→ Data shown:
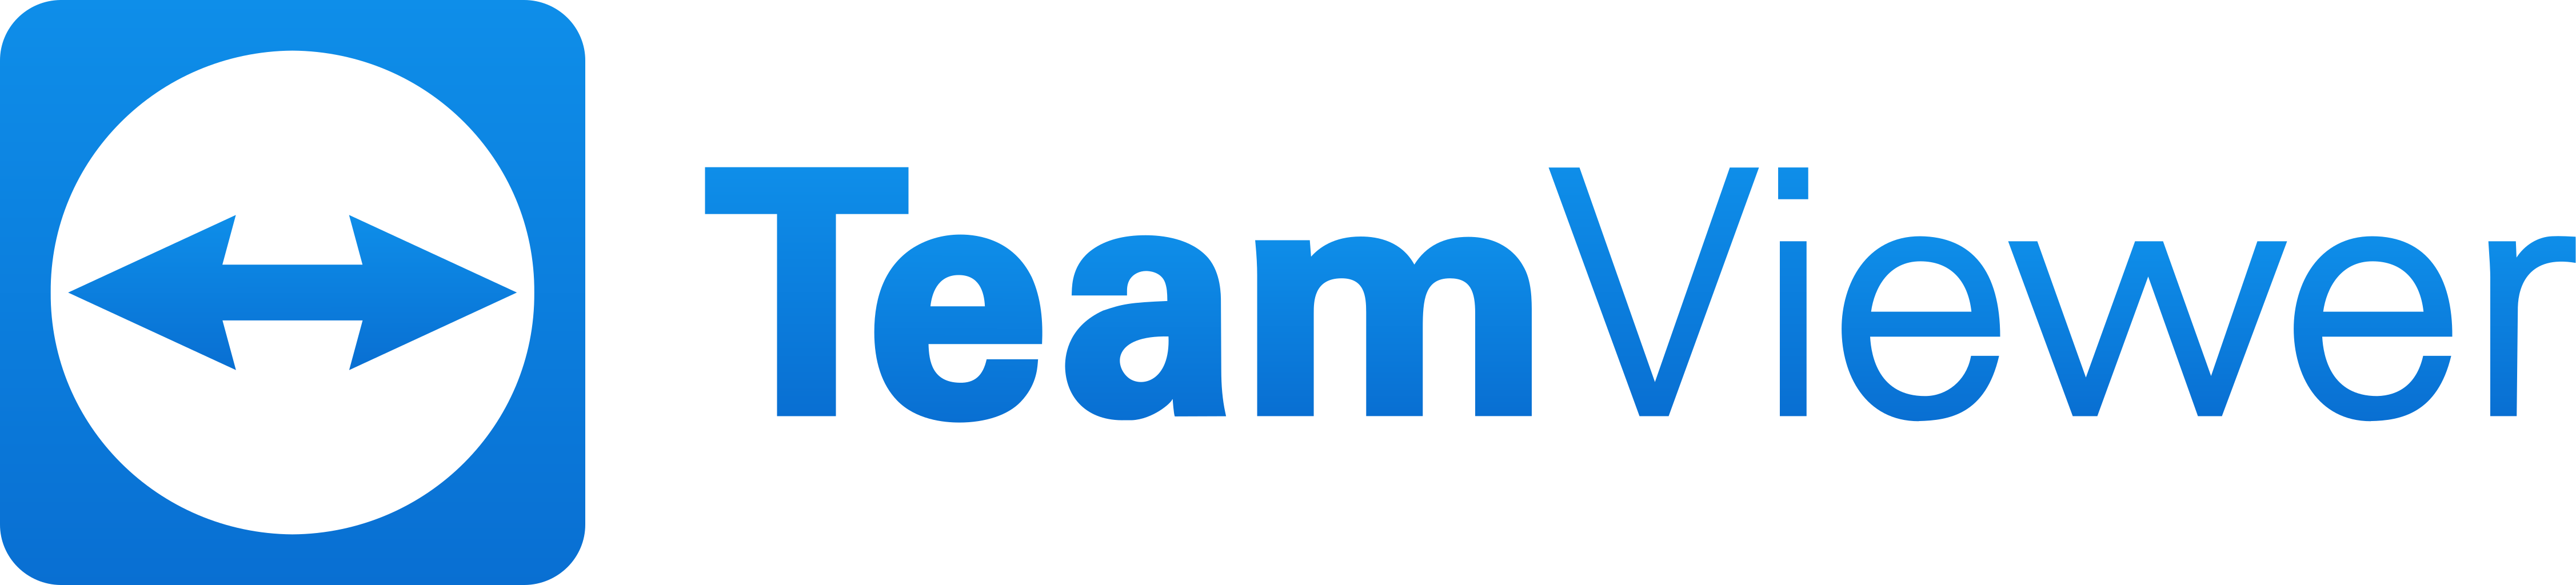 4507px-TeamViewer_logo.svg
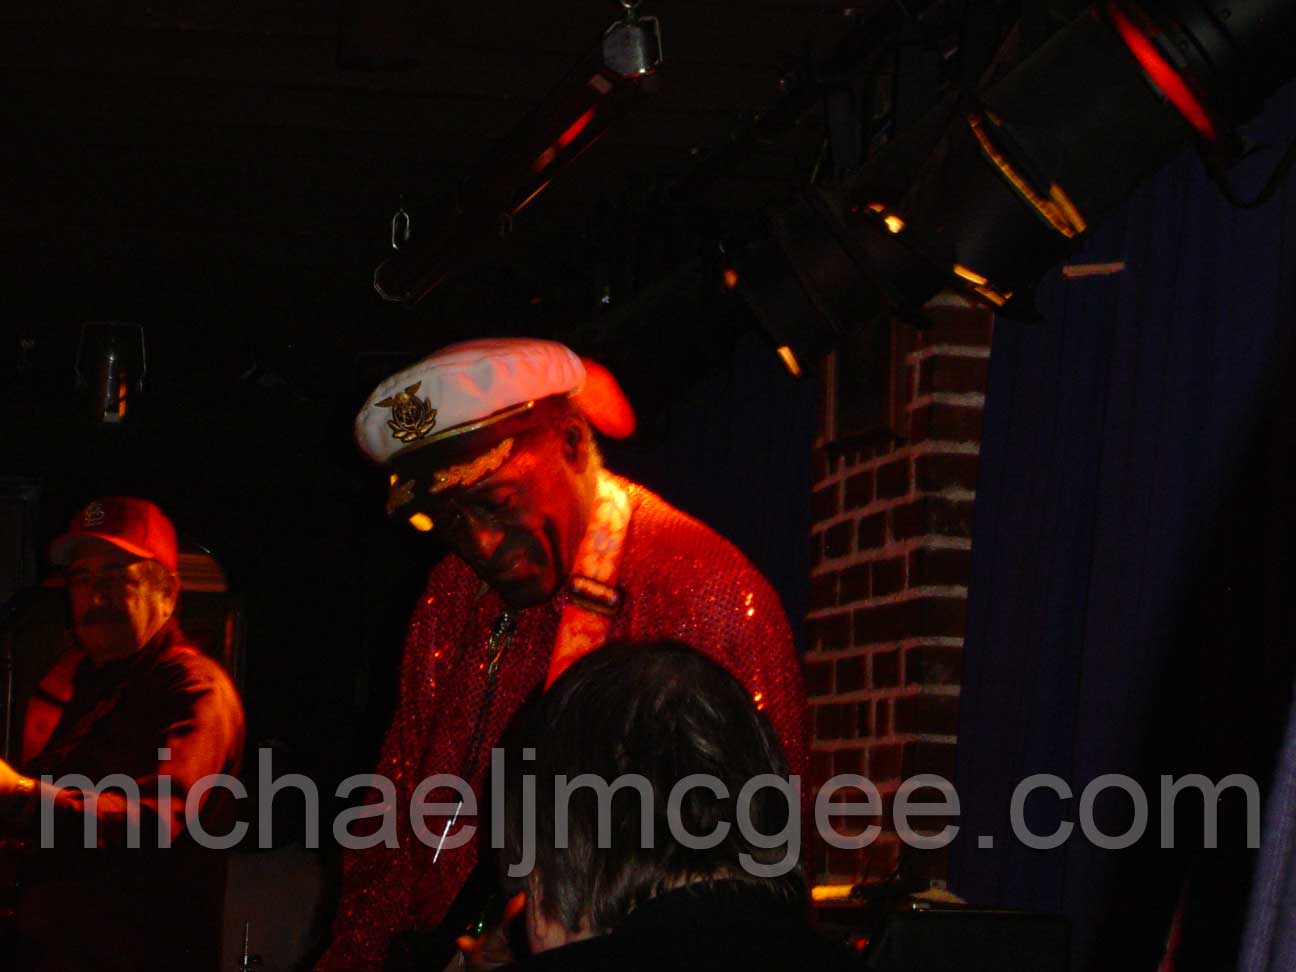 Chuck Berry / michaeljmcgee.com
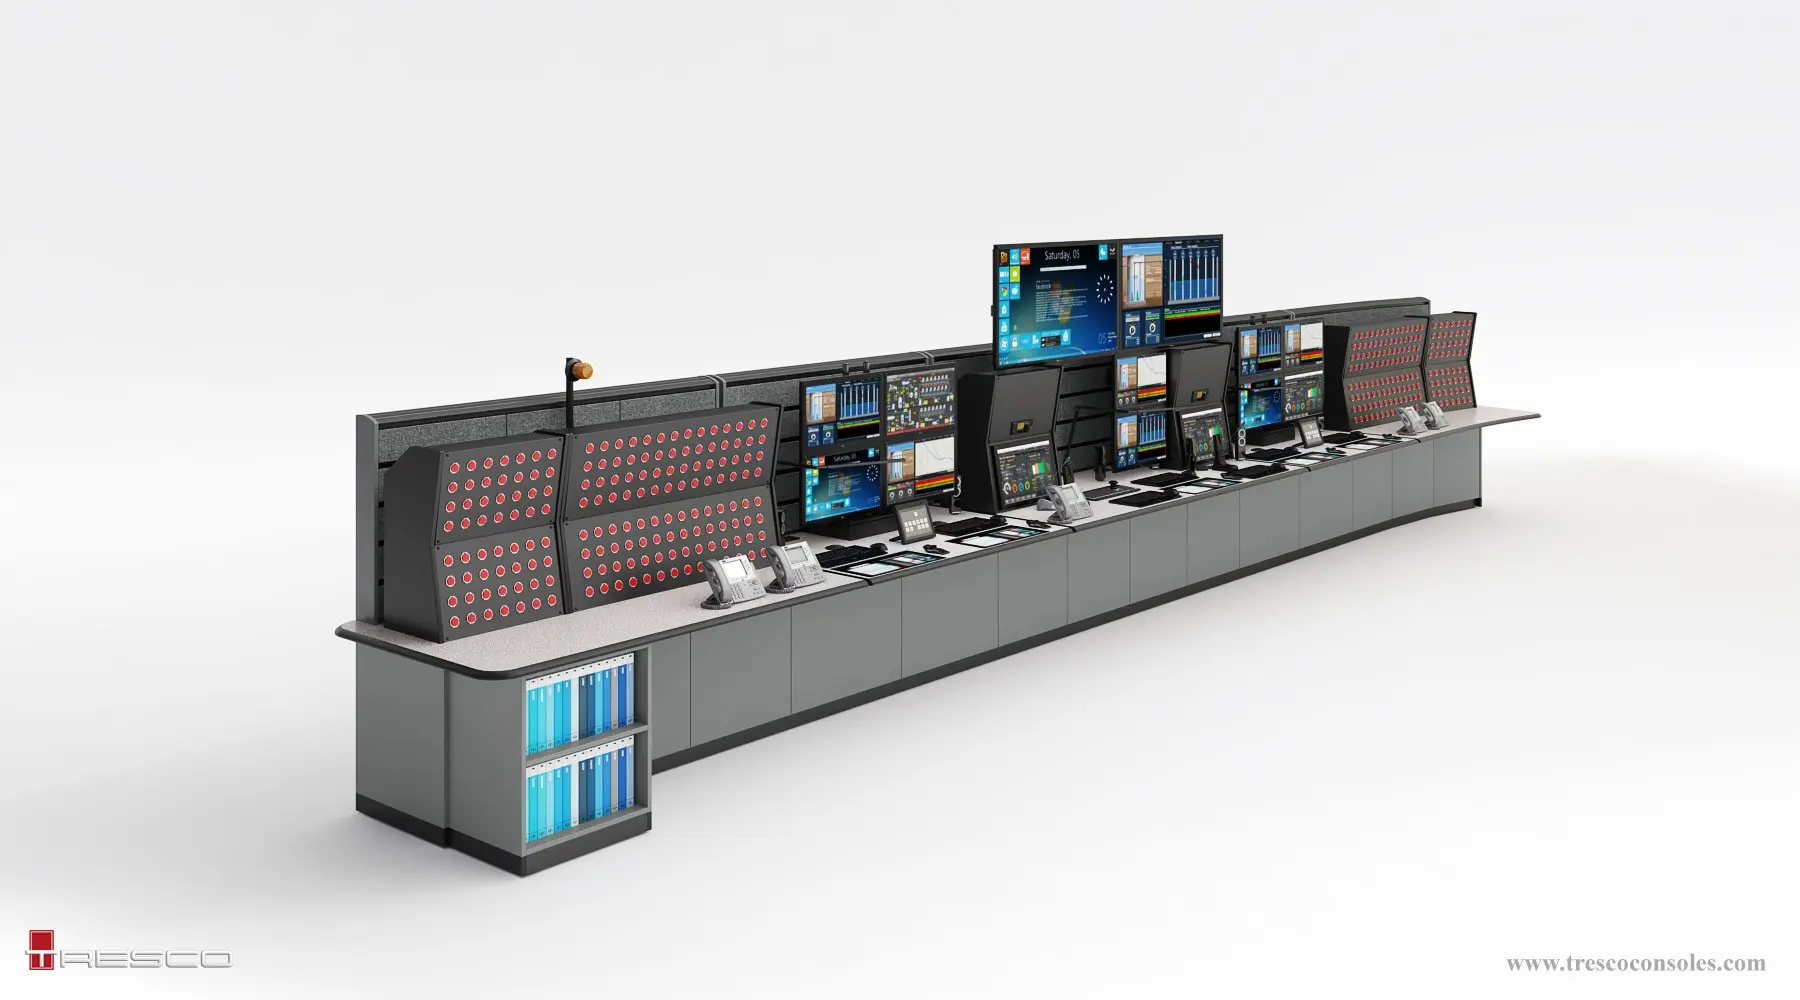 Large Tresco Training & simulation console for a power generation plant
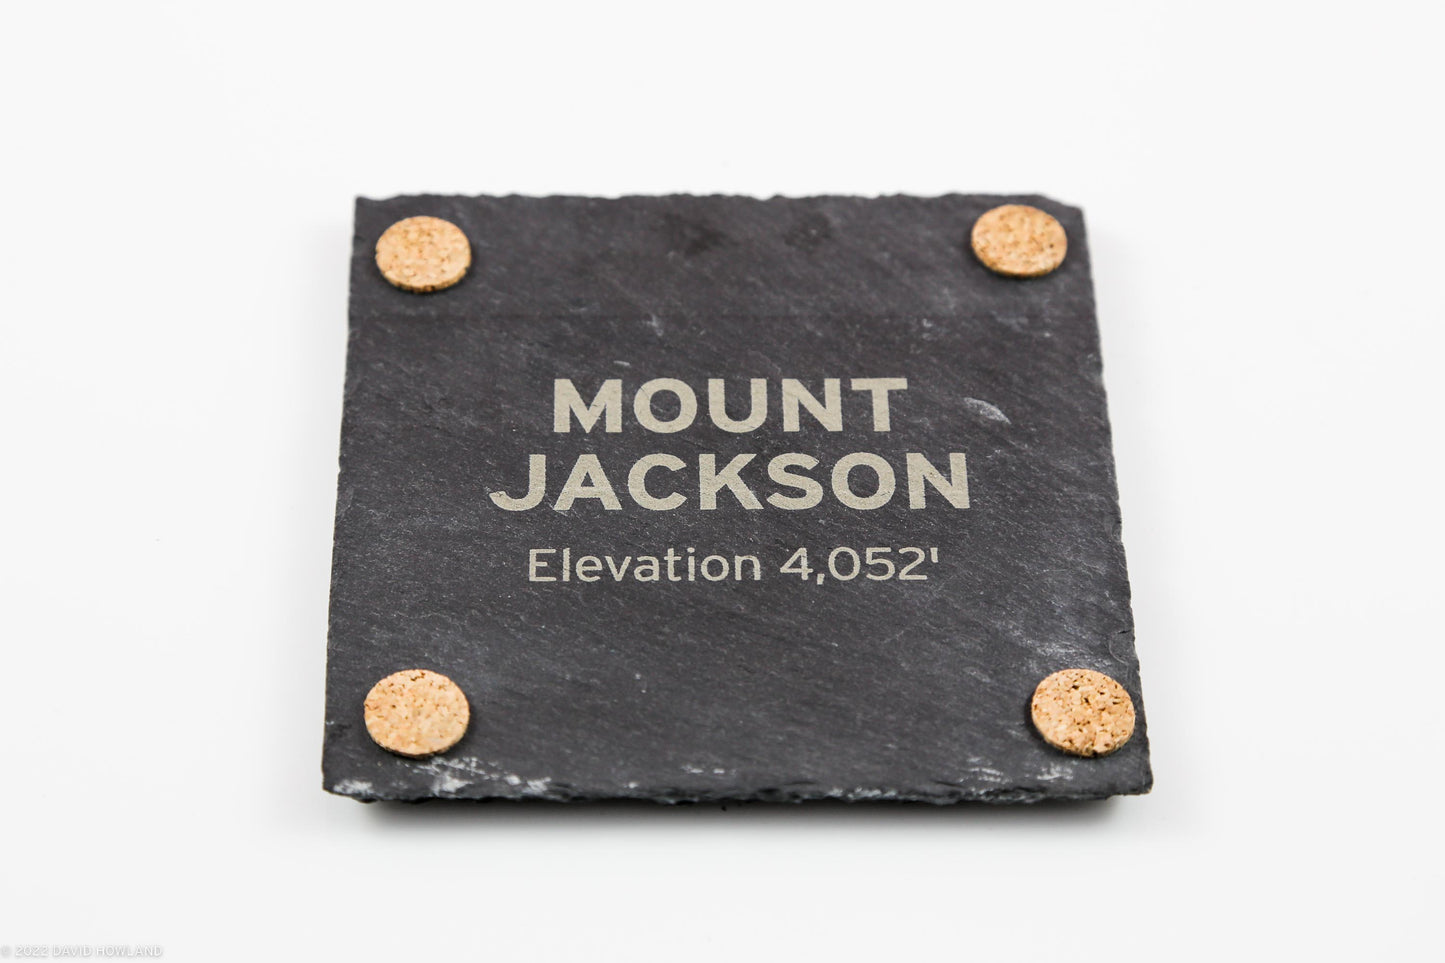 Mount Jackson Topographic Map Slate Coaster

→ What the task asks:
Word for word, please, restate the lines of the listing from the one holding "Chuck Berry / michaeljmcgee.com" down to the last line, leaving out any pictures.

→ Exercise answer:
 Chuck Berry / michaeljmcgee.com
 Large Tresco Training & simulation console for a power generation plant
 Mount Jackson Topographic Map Slate Coaster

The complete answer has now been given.